# Processionary Caterpillars - Nasty little devils



## spaniels (Jun 7, 2010)

Has anyone seen any sightings of these nasty things yet?
Any pre warnings would be greatly appreciated as we travel further south.
Thanks in anticipation


----------



## boringfrog (Sep 22, 2006)

*Nests*

I have seen some nests in the trees, but I didn't think they came 'out' until spring.


----------



## locovan (Oct 17, 2007)

The months from October through to March and April see the time when the caterpillars descend from the cocoon nests and they will then form "processions" in search of food sources. These can be hundreds of caterpillars nose to tail, winding along roadways, paths, grass, whatever. The caterpillars have poisonous and irritant brittle hairs on their bodies, and are a mottled dull brown with faded yellowish splotches, a standard nature danger signal!


----------



## boringfrog (Sep 22, 2006)

*Nests*

Then again this site says Colonies are active throughout the winter months. here


----------



## locovan (Oct 17, 2007)

http://www.motorhomefacts.com/ftopict-74973-processionary.html+caterpillars

Time to relook at my favorite photos when we talked about it before


----------



## locovan (Oct 17, 2007)

Boring frog I have changed my info. I have had a bad experience with them 4 years ago at Lanusia as My family were in the Hurricane and the Mountain fire.
Our M/Home was blacked by the smoke and my son almost lost his villa. exciting :roll: 
The outcome was these peskie caterpillers moved to safety and made their nests in all the gardens --wherever there was a pine tree.
So Start looking around the pine trees and watch where the dog walks.

Where are you Spaniels ????


----------



## AlanVal (Aug 17, 2005)

friend saw some the other day in Lagos ,at a campsite they are down from the nests now .


----------



## NormanB (Sep 8, 2005)

Seen some slready at Cabo de Gata.


----------



## 1neil (Jan 28, 2012)

Thanks for the heads up on these nasty little critters.

What are the chances of coming across them in the next few months, are they very common in Spain?

Neil


----------



## rugbyken (Jan 16, 2006)

found this while researching the caterpillars

THE PROCESSIONARY
CATERPILLARS OF LIFE

As people, we expect our activities in life to be purposeful.
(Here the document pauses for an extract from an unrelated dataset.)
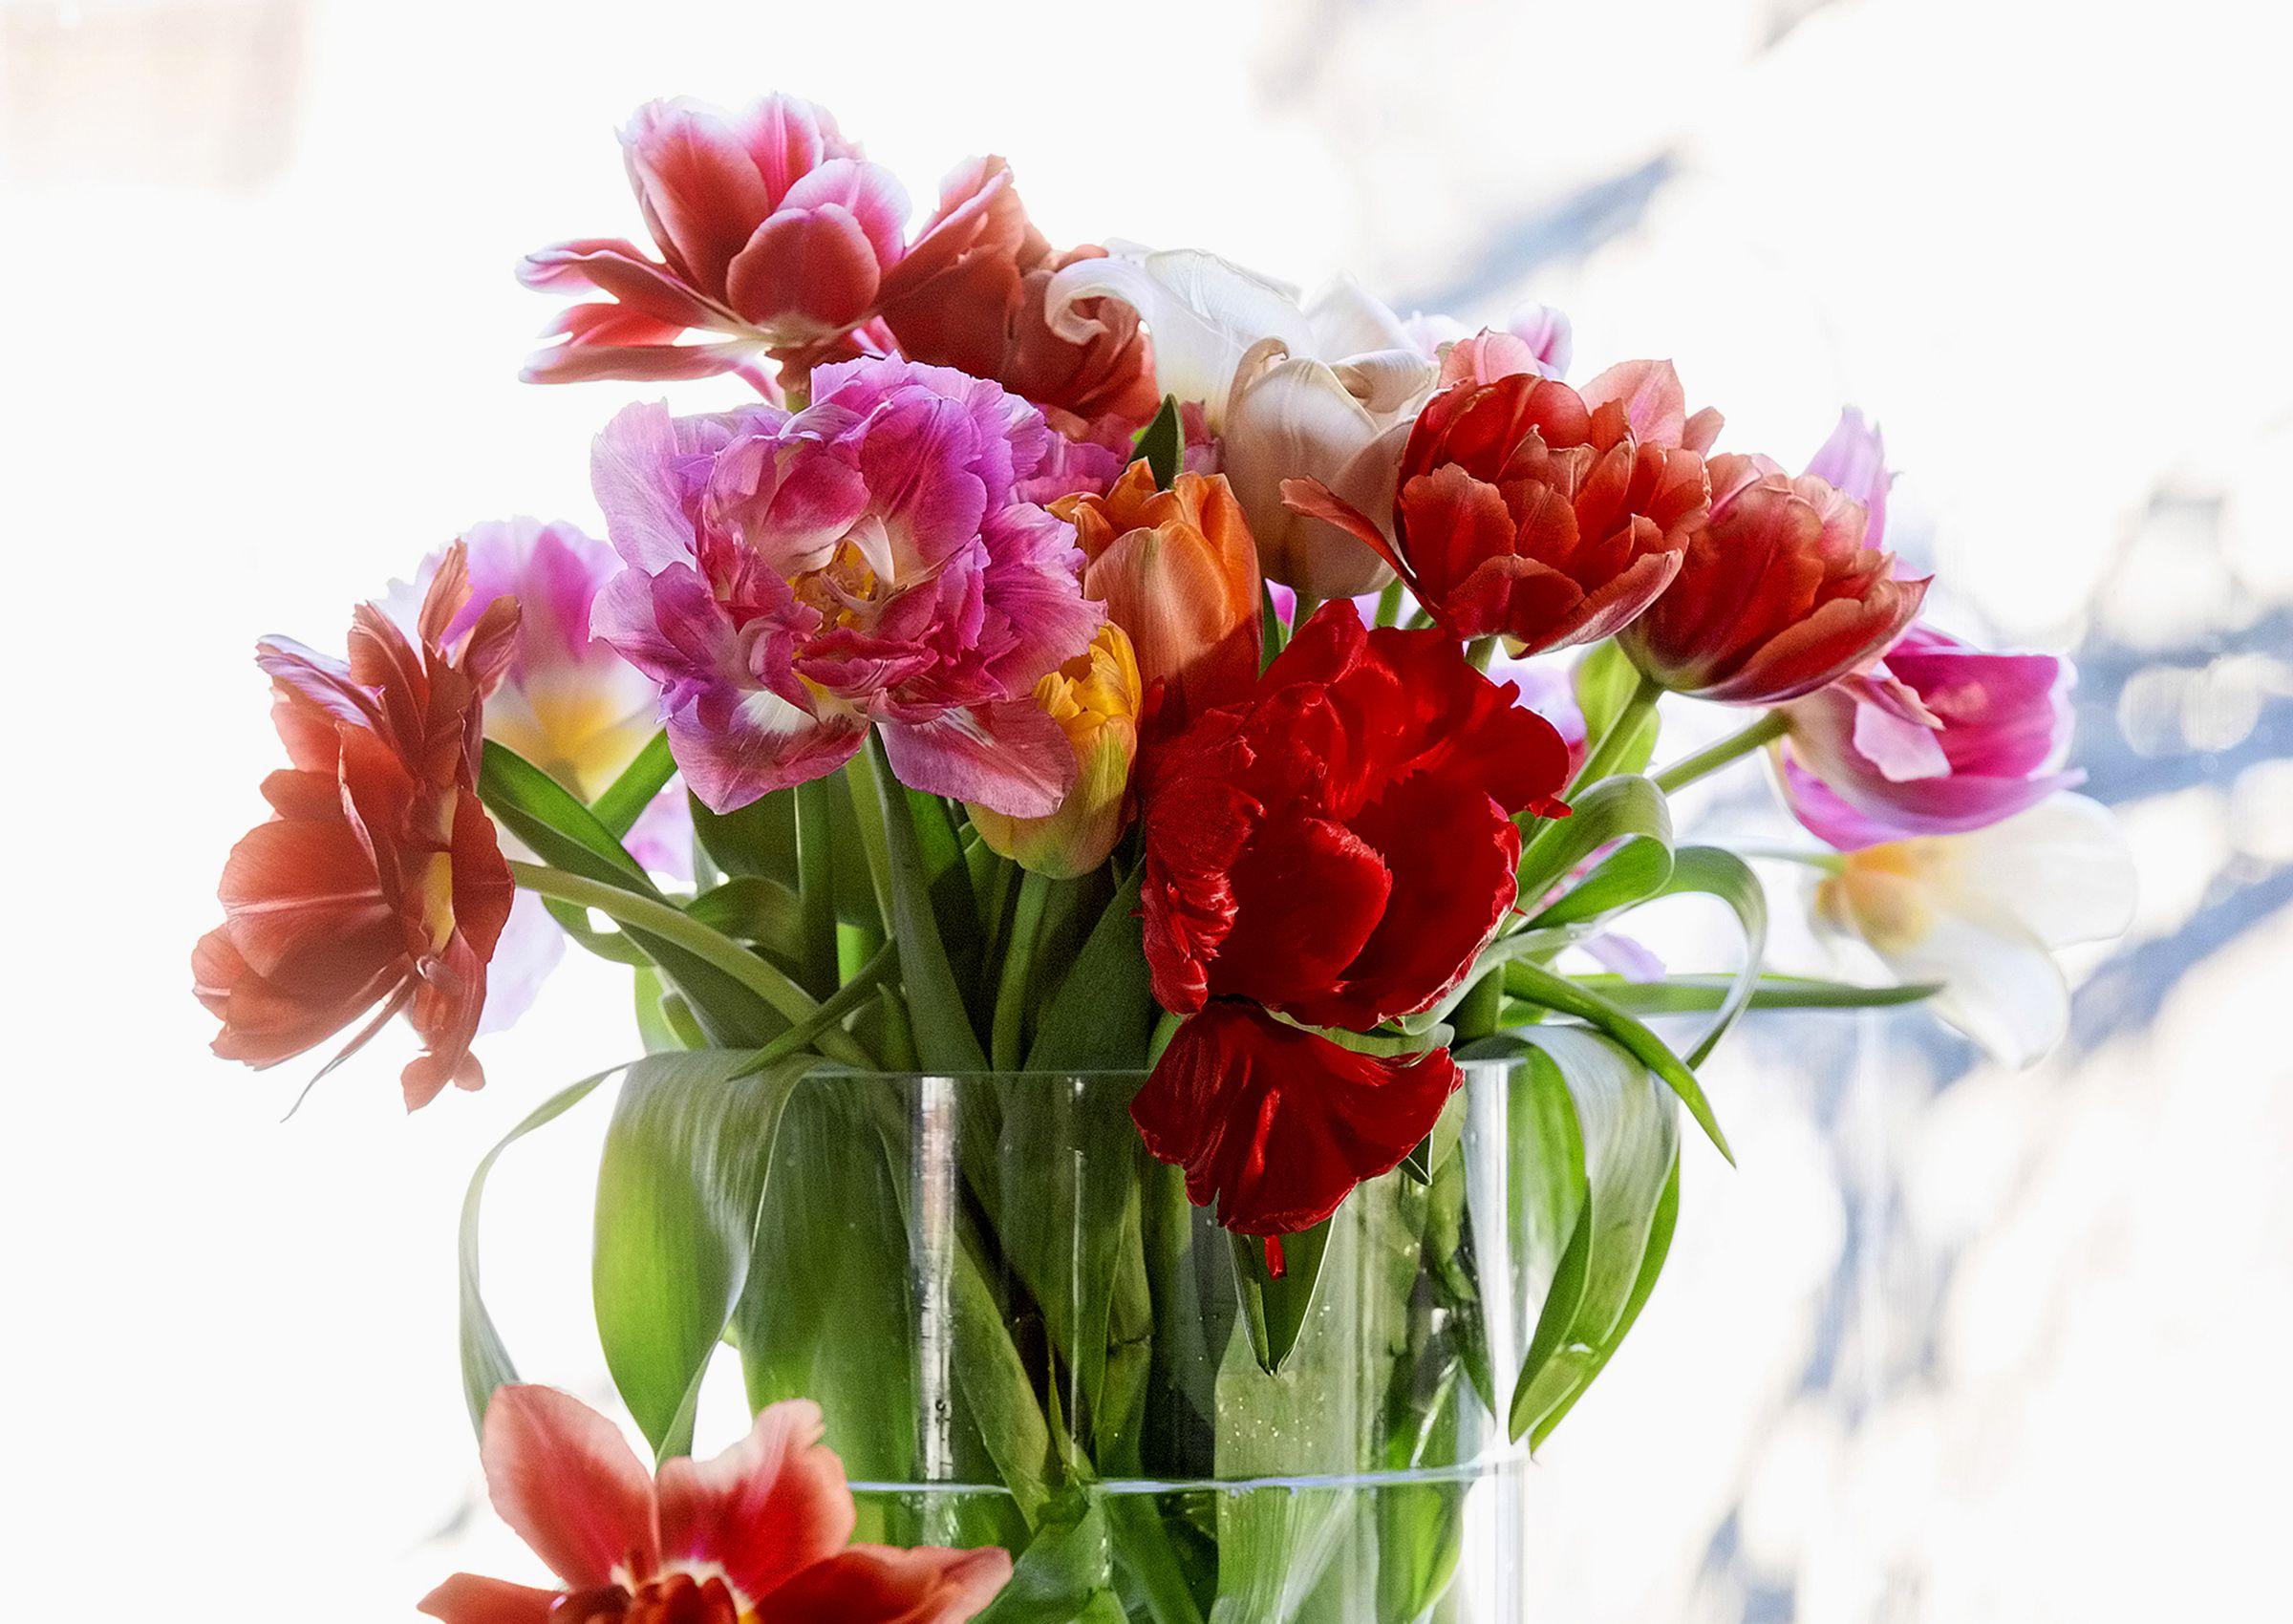 Tulppaanit kuuluvat keväiseen maljakkoon. Viherpihan hoito-ohjeilla saat ne kestämään!

The birds of the air and the fish of the sea must resort to instincts deep inside their diminutive and primitive brains to conduct their activities, but we are different. We have the capacity to reason, to plan, and to adapt. This ability should make us unique among the animals of the world. Unfortunately, we often resemble unthinking, lower forms of life.
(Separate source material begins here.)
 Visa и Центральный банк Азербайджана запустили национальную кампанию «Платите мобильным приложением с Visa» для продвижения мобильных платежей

Case in point: the processionary caterpillar. The noted French naturalist, Jean Henri Fabre`, studied this unique little furry insect in great detail. What makes this caterpillar special is its instinct to follow in lock step the caterpillar in front of it. This behavior, not only gives the caterpillar its name, but a deadly characteristic also.

Fabre` demonstrated this unusual behavior with a simple experiment. He took a flowerpot and placed a number of caterpillars in single-file around the circumference of the pot's rim. Each caterpillar's head touched the caterpillar in front of it. Fabre` then placed the caterpillars' favorite food in the middle of the circle created by the caterpillars' procession around the rim of the flowerpot. Each caterpillar followed the one ahead thinking that it was heading for the food. Round and round went those silly insects--for seven days! After a week of this mindless activity, the caterpillars started to drop dead because of exhaustion and starvation. All that they had to do to avoid death was to stop the senseless circling of the flower pot and head directly toward the food-less than six inches away from those ever-circling crawlers. However, the processionary caterpillars were locked into this lifestyle and couldn't extricate themselves from this mindless behavior.
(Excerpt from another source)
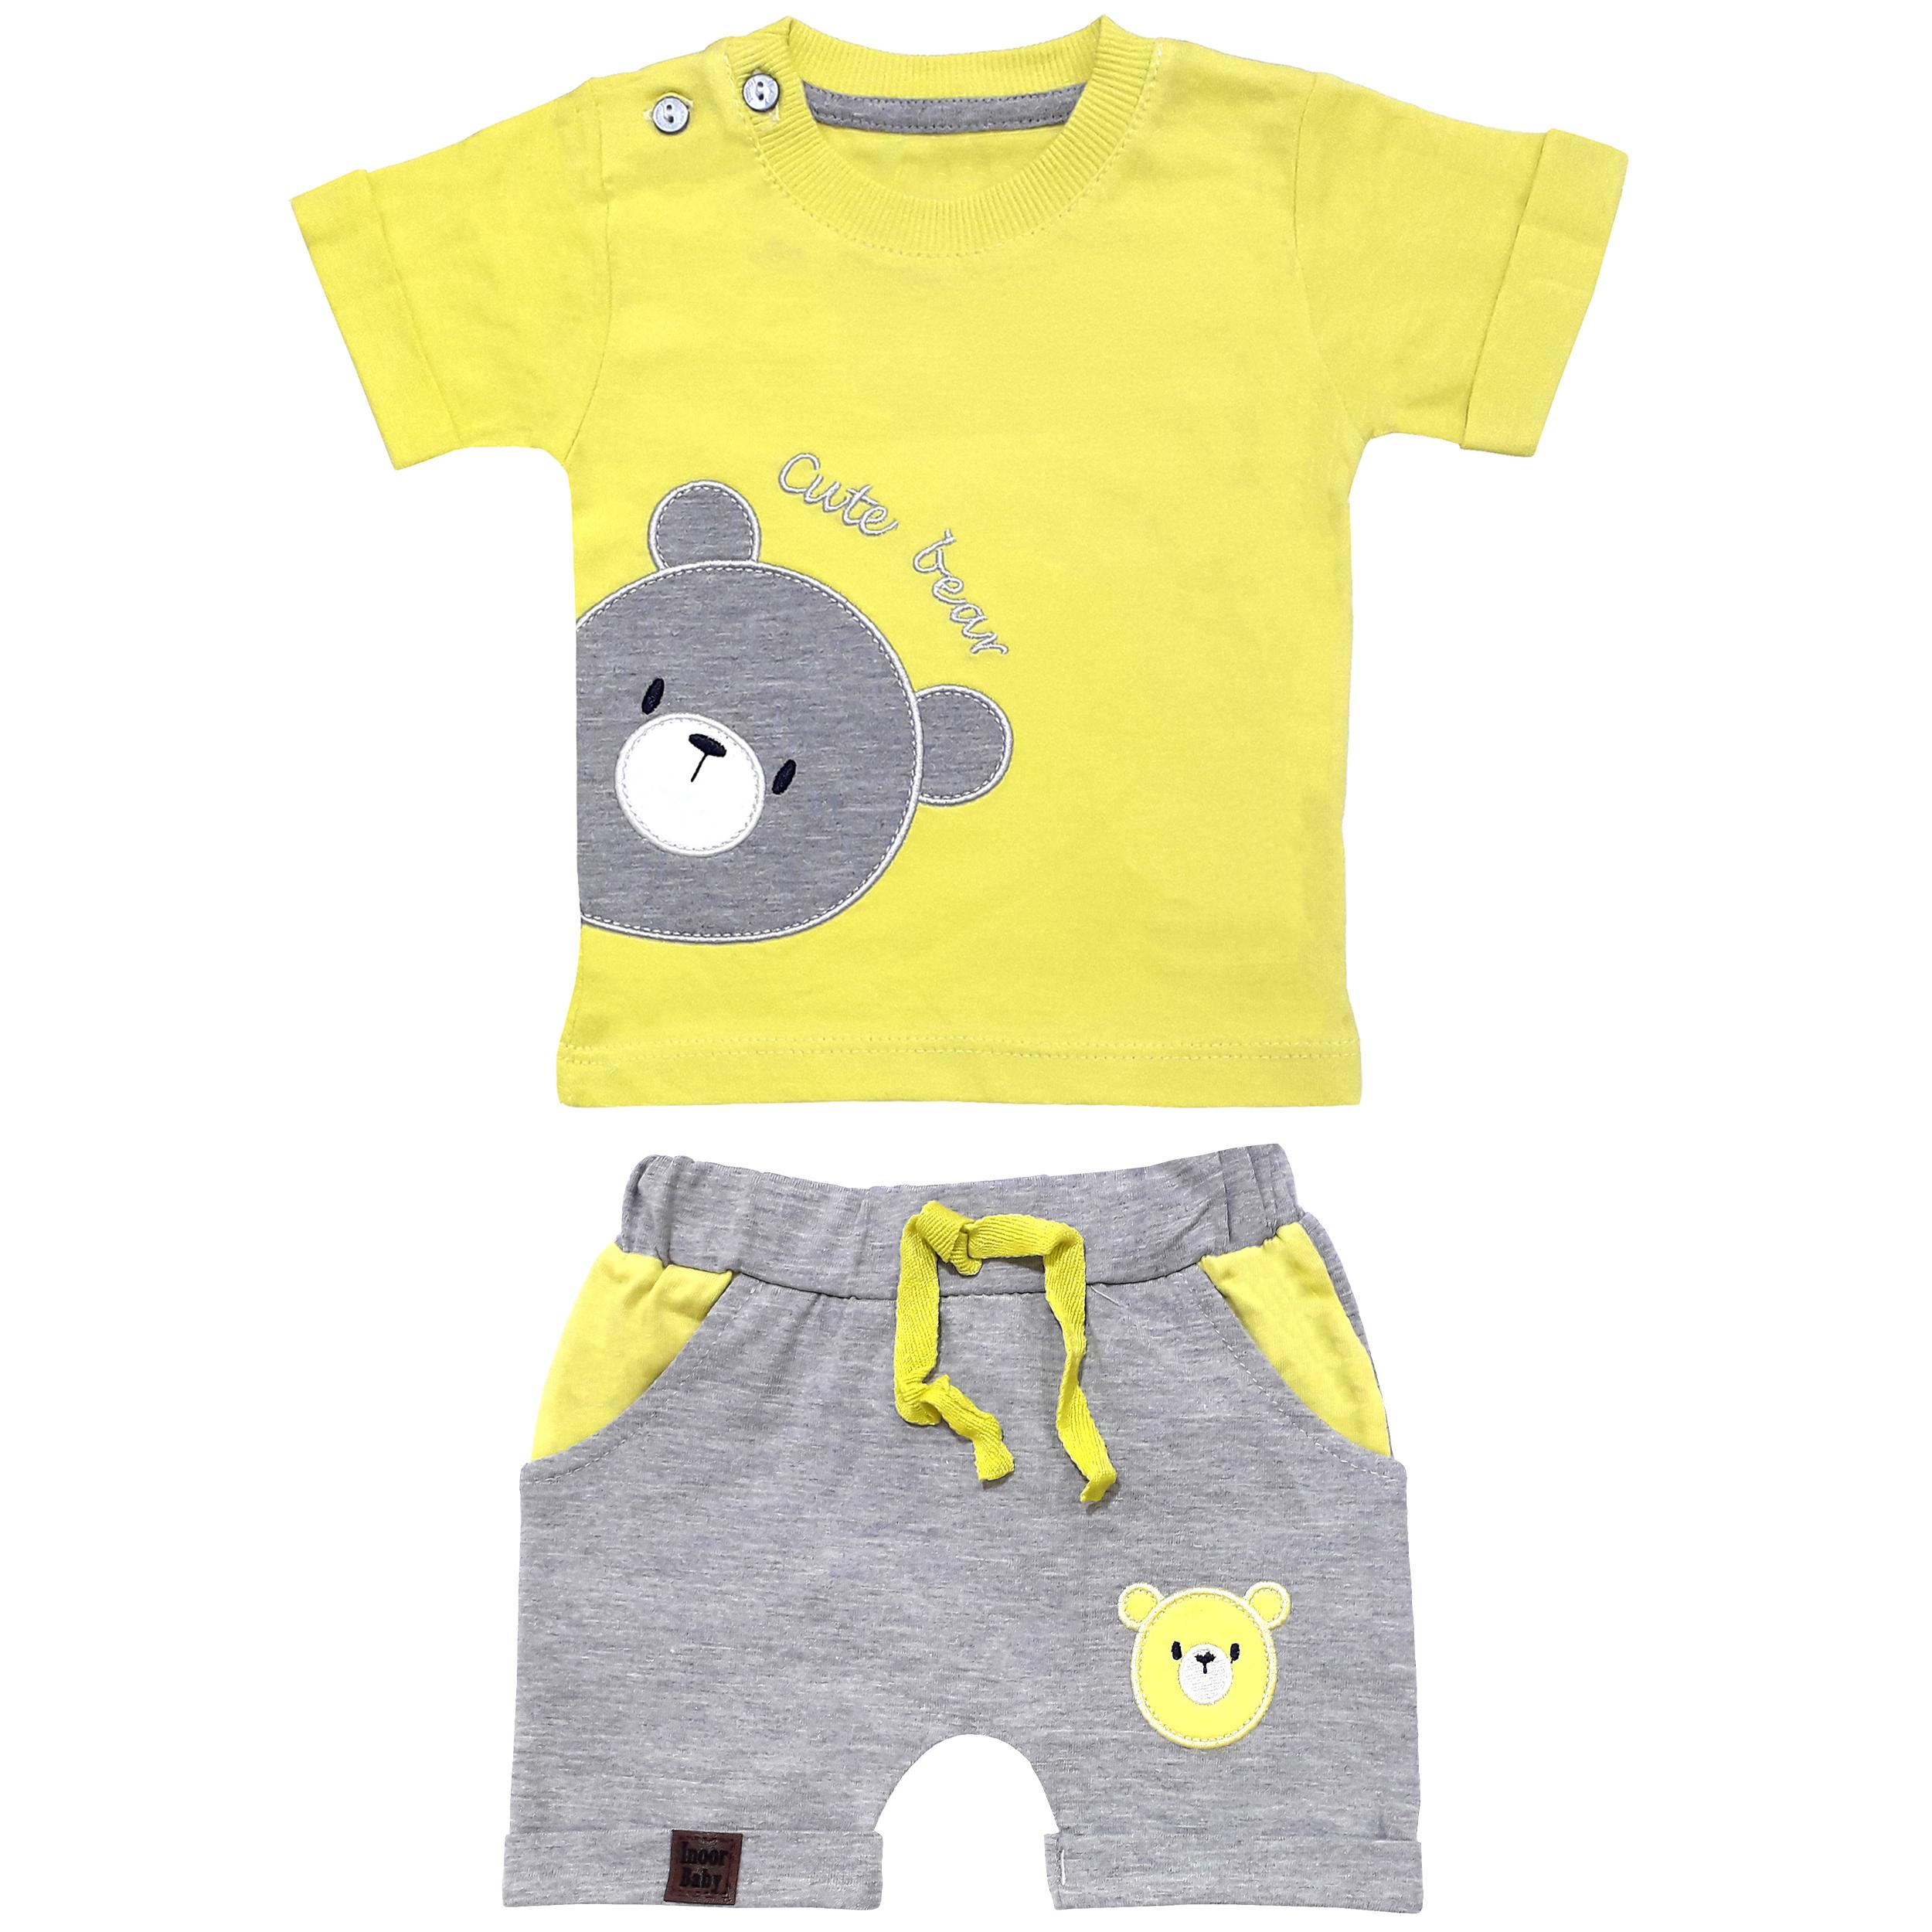 ست تی شرت و شلوارک نوزادی مدل خرس کد 3302

Human beings are different from caterpillars. We alone have the ability to change our direction in life. Or do we? We often confuse motion with meaning and activity with achievement. We can all too readily get into ruts, which cause us to dysfunction at work, school, or home. The ruts can become vicious circles, which don't get us any further than the processionary caterpillar gets on the flowerpot. Then we find ourselves resembling the processionary caterpillar more than we would first think or want. If you fear that you share some of the style of the processionary caterpillar, here are three things you can do so that you can breakout of that senseless circle.

1. Drive to and from your destination by a different road the next time. As you go a different way to work, look at the sights. You will discover an entire world out there that you might not have ever seen. Blaze new trails to work, school, or shopping. After you are comfortable about changing your driving routine, dare to do other things differently.

2. Be adventuresome about your approach to life. Try an ethnic restaurant sometime. Go to a music concert or movie that isn't your normal fare. Dare to be different. The worst that could happen is that you will learn to appreciate your tried and true choice more. The best thing that could happen would be that you would have expanded your horizons.

3. Having broken some habitual patterns of activity, look at your work, schooling, and interpersonal relationships. It is important to try your exploratory wings on things like types of music you listen to or the way you get to work before you attempt this final technique. I know myself well enough that I want to test out new ways of thinking and doing with "safe" things like going to Vietnamese restaurant before looking at the larger and more significant issues like employment or continuing my education. Having practiced on the least critical areas of life, go for the truly vital ones. Take the first tentative steps to breaking away from your processionary humdrum of life. Try really living. Don't confuse vegetating with vitality. Set professional or educational goals for the next five years. It looks safer to stay in the routinized ruts of life, but the processionary caterpillars show us that it doesn't really get us anywhere. Movement isn't necessarily meaningful. We are human. We possess an intelligence that enables us to be different from all the lower forms of life. Be all you can be by learning from the pitiful processionary caterpillar.


----------



## boringfrog (Sep 22, 2006)

*Spotted on ground*

Just spotted my 1st caterpillars this year on the ground at Xabia.


----------



## KD1 (Jul 18, 2011)

*Processionary Caterpillars*

Hi. We are now near Totana, and whilst out Mountain Biking yesterday in Sierra Espuna, I saw loads of these in a long line in many areas-so yes they are about. It could also be due to very high temps-25d!!


----------



## DJP (May 9, 2005)

The guys at Bonterra Park, Benicassim were up in the trees a couple of weeks ago removing the nests before the caterpillars leave. Very efficient!


----------



## Glandwr (Jun 12, 2006)

Saw very large numbers of their nests in SW France in Jan. Noticeable as we were driving along especially south of Bordeaux.

Dick


----------



## vicdicdoc (May 14, 2005)

Seen their nests in some trees outside Benicassim,Spain few days ago


----------